Questa tesi ha avuto il duplice scopo di individuare un approccio farmacologico finalizzato a stimolare l’azione antiproliferativa di p53 e di analizzare l’espressione e la funzione e del suo target BTG2 nei gliomi. Esistono numerose evidenze a dimostrazione della efficacia dell’inibitore di HDM2 Nutlin-3 e degli inibitori del proteasoma usati come agenti farmacologici singoli nel ridurre la crescita di linee cellulari di glioma [61,62,63]. Il presente lavoro si basa sul presupposto che gli inibitori del proteasoma e gli inibitori di HDM2 producono entrambi la stabilizzazione di p53 e di alcuni dei suoi effettori, agendo su tappe diverse dello stesso pathway. Quindi parte del presente lavoro è stata quella di indagare se il trattamento con la Nutlin-3 potenziava gli effetti antiproliferativi dell’inibitore del proteasoma MG132 nella linea di glioma umano U87-MG che esprime p53 nella sua forma wild-type. A tale scopo sono state individuate le concentrazioni di MG132 idonee a inibire l’attività del proteasoma e le combinazioni di Nutlin-3 e MG132 che permettevano di ottenere un effetto sinergico nella riduzione della vitalità cellulare.

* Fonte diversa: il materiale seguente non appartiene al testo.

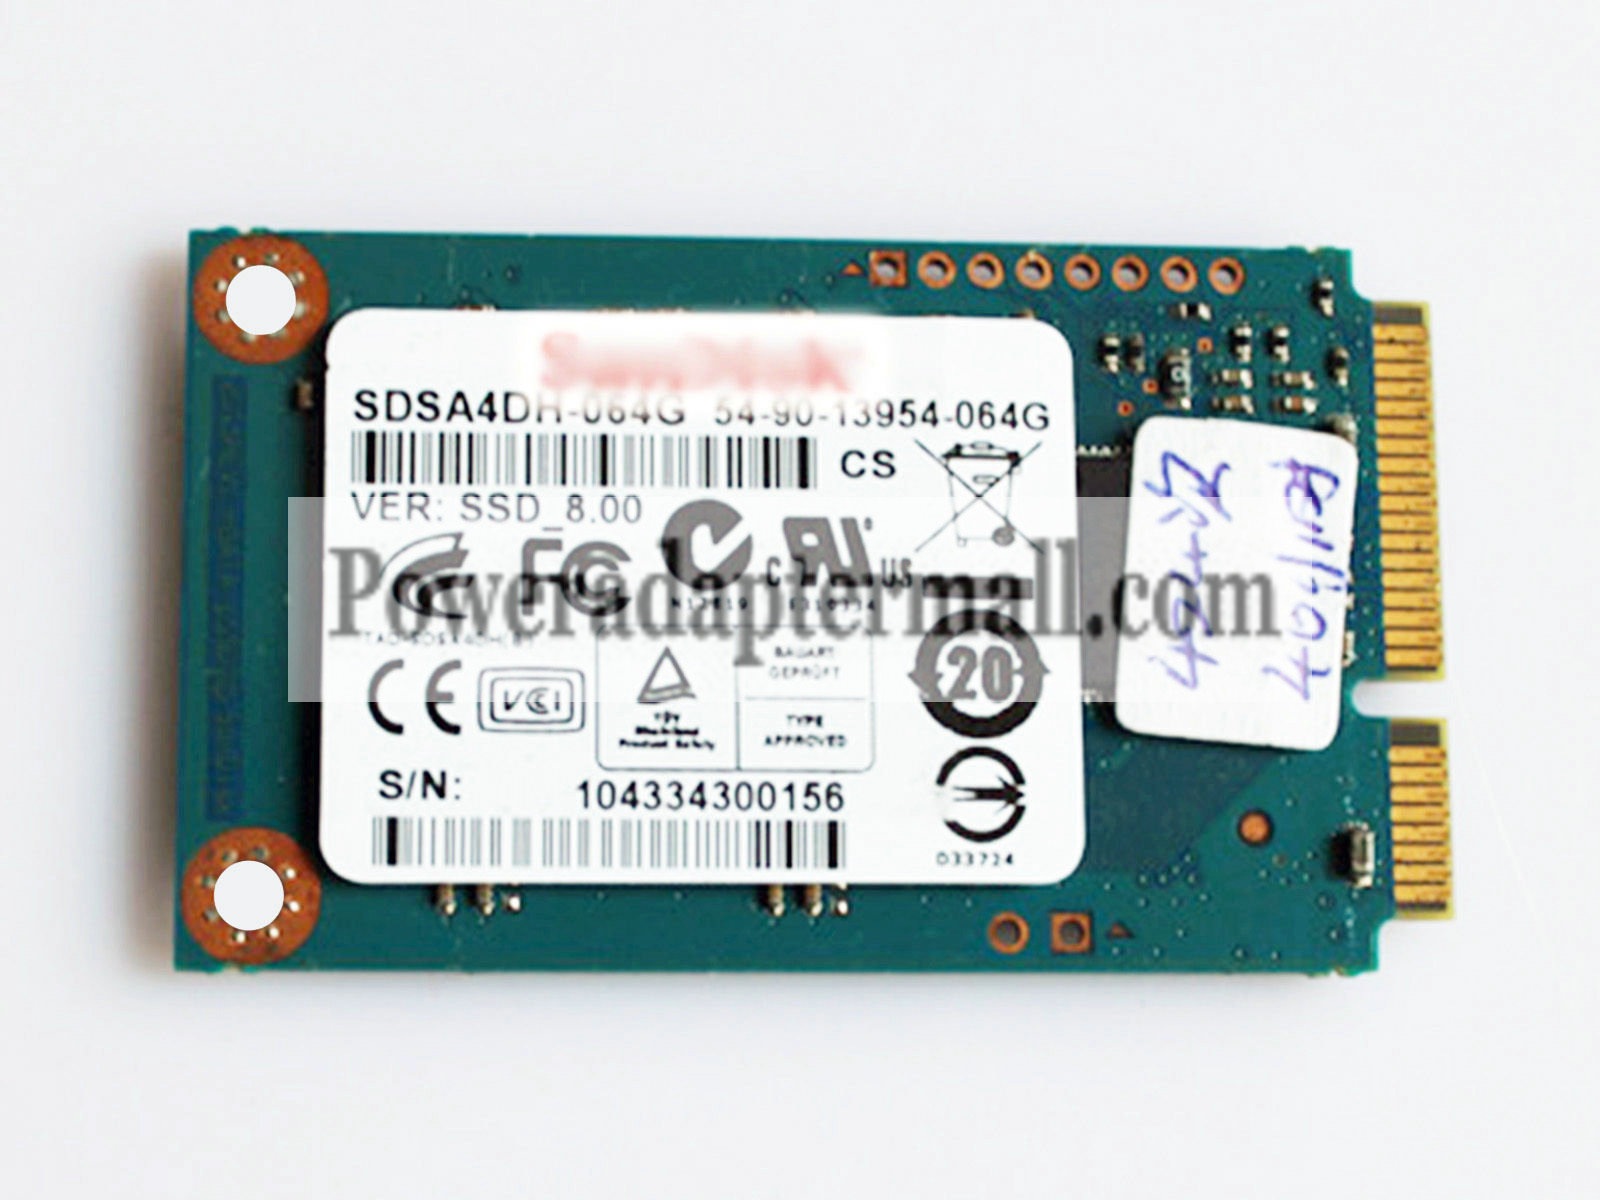 Sandisk 64GB SSD SDSA4DH-064G 54-90-13954-064G Solid State Drive

Mediante un approccio multidisciplinare si sono inoltre valutati gli effetti a livello molecolare, cellulare ed ultrastrutturale della Nutlin-3 e dell’MG132. Una seconda fase di questa tesi si è invece focalizzata sullo studio del ruolo di BTG2 nella biologia dei gliomi in quanto, in seguito a studi di quantificazione dei trascritti BTG2 in una collezione di tessuti di glioma e di sistema nervoso normale, è emerso che questo gene, comunemente considerato come un oncosuppressore, è espresso o addirittura sovraespresso nei tessuti di glioma. Per questa ragione abbiamo iniziato a studiare l’effetto della sovraespressione di BTG2 nella linea U87-MG con lo scopo di comprendere la funzione svolta da questa proteina nei gliomi.